# Aspiring Photographer



## derezzy (Apr 7, 2013)

What Photography means to me is the pictures paint a picture and tell a story weather it be a person or an object every curve lighting effect and picture tells a story and thats why I want to take as many pictures I can. 

Like my Photography Page 
https://www.facebook.com/pages/De-rezzy-Photography/138737339638043?ref=hl

Hey Everyone this is yah girl Desiree aka De-ReZzy I want to promote my page so if you need any pictures done for flyers magazines anything of that matter feel free to leave me a message in my inbox ask me questions and like my photography page look at my work and spread the word.


----------



## Majeed Badizadegan (Apr 7, 2013)




----------



## Light Guru (Apr 7, 2013)

If you want feedback on your images post them here. A LOT of people will not follow a links, especially links to Facebook.


----------



## tirediron (Apr 7, 2013)

A few thoughts OP.  First of all, as already mentioned, many of our members don't like to follow off-site links.  One of the best ways that you can grow as a photographer is to post images here for "C&C" (Comments & Critique).  This will give you an idea of what fellow photographers think of your work and highlight areas for improvement.  Remember, family and friends are NOT the people you want judging your work.  They like you, they will tell you that anything you do is wonderful.  Our community will be a little more objective and tell you what we think is good, and more importantly, what we think isn't so good.
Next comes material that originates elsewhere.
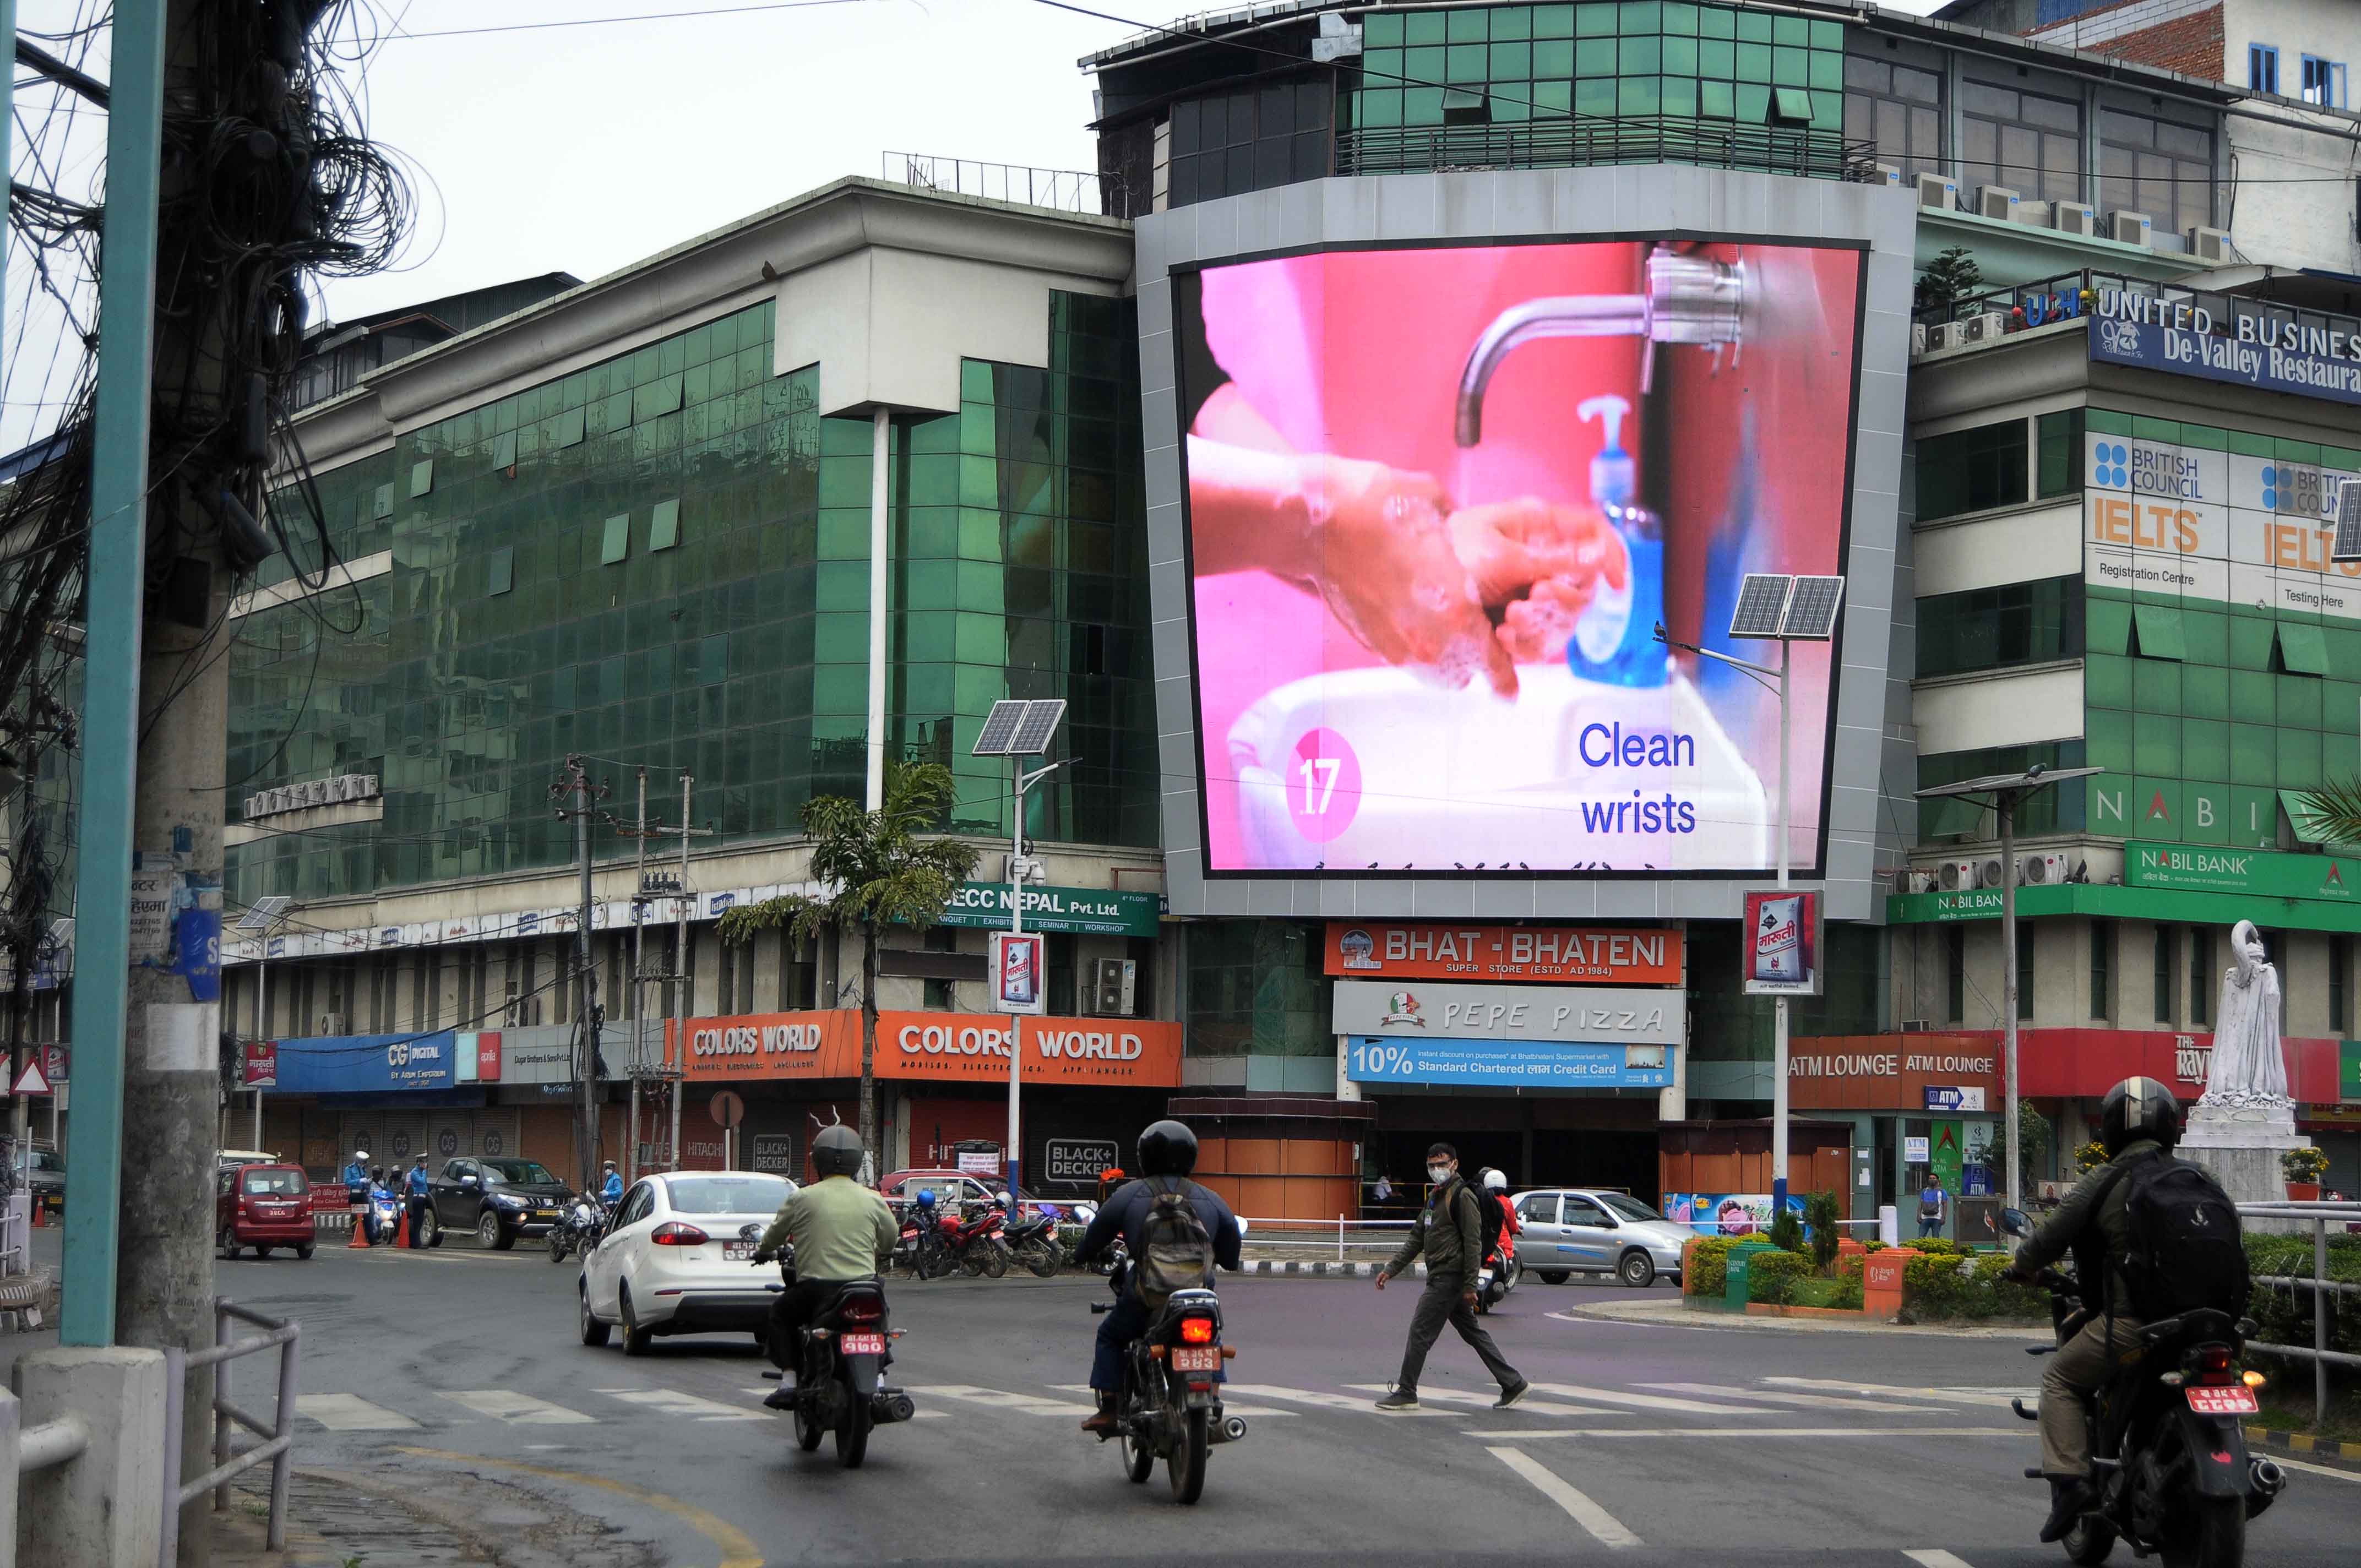 A TV showing awareness of procedures for sanitizing hands in the fight against COVID-19 to be watched by a passerby in Tripureshwor, Kathmandu, on Tuesday. PHOTO: BALKRISHNA THAPA CHHETRI

I would also point out that as this is a community of photographers, many of whom are full-time working professionals in the field, there's not likely to be an overwhelming response to your soliciation.  Having looked at your facebook page, I will make a general observation:  Spend a little more time getting the basics of the craft down pat before you hang out your shingle.  Not to say that you cannot become a successful professional photographer, but you're not quite there yet.  Simply owning a camera and enjoying photography doesn not automatically make you a skilled photographer than buying a block of clay and a wheel makes you a skilled potter.  There's a LOT to learn; you're on your way, but try and walk before you run!


----------



## shefjr (Apr 7, 2013)

tirediron said:


> A few thoughts OP.  First of all, as already mentioned, many of our members don't like to follow off-site links.  One of the best ways that you can grow as a photographer is to post images here for "C&C" (Comments & Critique).  This will give you an idea of what fellow photographers think of your work and highlight areas for improvement.  Remember, family and friends are NOT the people you want judging your work.  They like you, they will tell you that anything you do is wonderful.  Our community will be a little more objective and tell you what we think is good, and more importantly, what we think isn't so good.
> 
> I would also point out that as this is a community of photographers, many of whom are full-time working professionals in the field, there's not likely to be an overwhelming response to your soliciation.  Having looked at your facebook page, I will make a general observation:  Spend a little more time getting the basics of the craft down pat before you hang out your shingle.  Not to say that you cannot become a successful professional photographer, but you're not quite there yet.  Simply owning a camera and enjoying photography doesn not automatically make you a skilled photographer than buying a block of clay and a wheel makes you a skilled potter.  There's a LOT to learn; you're on your way, but try and walk before you run!



Words well put John! :thumbup:


----------



## Benco (Apr 7, 2013)

If you're after feedback I'd say work on your tecnhique. You say some encouraging things about what motivates you but the execution is letting you down. Study. Practice.


----------



## Designer (Apr 7, 2013)

Hi, derezzy, and welcome to the forums!  You have expressed your interest in photography quite well, and I wish you luck and success!


----------



## 412 Burgh (Apr 7, 2013)

oh no she didn't gurrrrlfrieeeend


----------



## texkam (Apr 7, 2013)

Advice: Look up the meaning of the word "cull". Good luck.


----------